Needless to say, I’m one of them. I’ve briefly been on the other side of the rejection situation, when I got to intern on the editing team for my school’s literary magazine. Even in that short time I realized there are too many stories, and too little time. Something good could sink to the bottom, because there is so much dreck out there that you might catch a first reader at a bad time. I’m sorry guy who had a touching story about the death of an elderly woman, I just got done reading a story about a woman watching her dog lick its balls, I’m sort of in a bad way right now.

Now I’m getting my rejections. Well, I’ve been rejected before, but usually it comes in the form of an email. It isn’t a huge deal when I get an email saying that my story isn’t going to be taken. It will sink to the bottom of the archives, and I will never see it again. This rejection though took on a whole new monstrous form. It was a contest, for an award at the Bellingham Review, and entering the contest guaranteed me a copy of the magazine. So not only did I not get in, now I get to read what made it in instead of me.

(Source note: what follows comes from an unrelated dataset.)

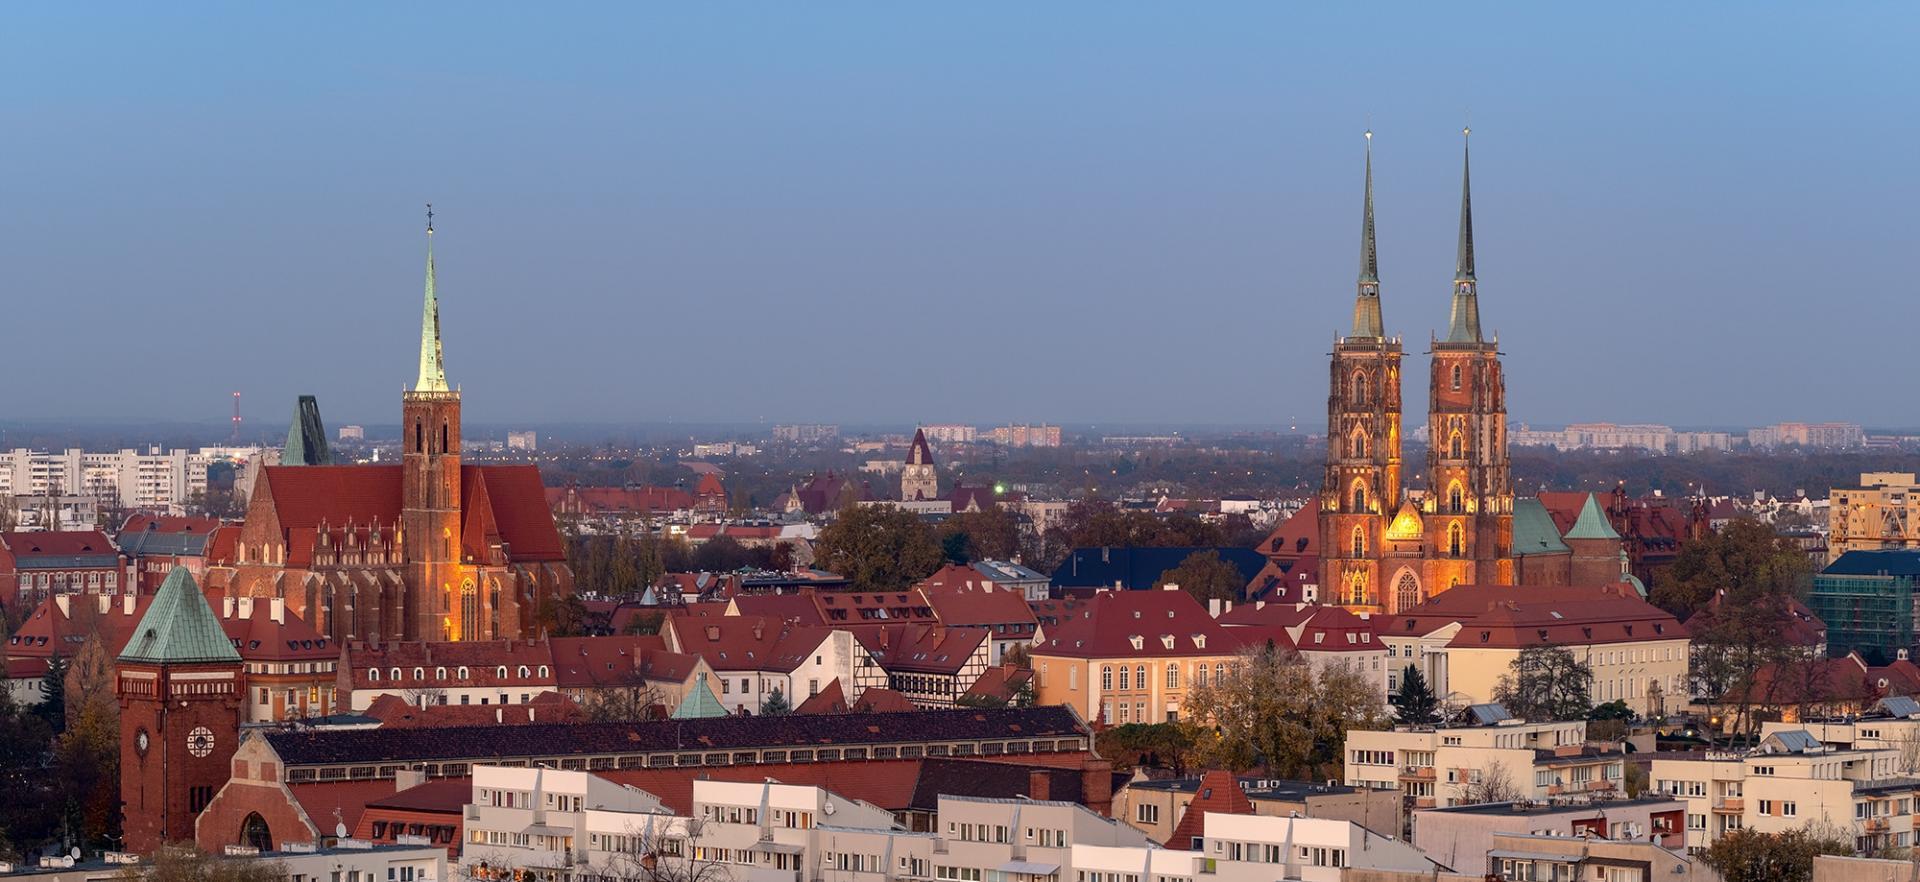 Wrocławskie kościoły na Ostrowie Tumskim widdziane z góry.

I wouldn’t wish this upon my worst enemy. It is hard to imagine a psychological torture more foul than seeing other works you know were deemed superior to yours. I immediately started asking why. was it this intro paragraph? Is it because of this colorful diction? Is it the flow of the plot, or the random additions here and there? WHY!? WHY!? WHY!? 

My ego could have used a victory, and instead I have grim motivation. I have to look at other stories that I was sure I could beat out, and know that I’m still not good enough. Now if you excuse me, I’m going to go cry into a cup of hot coffee while I turn the page.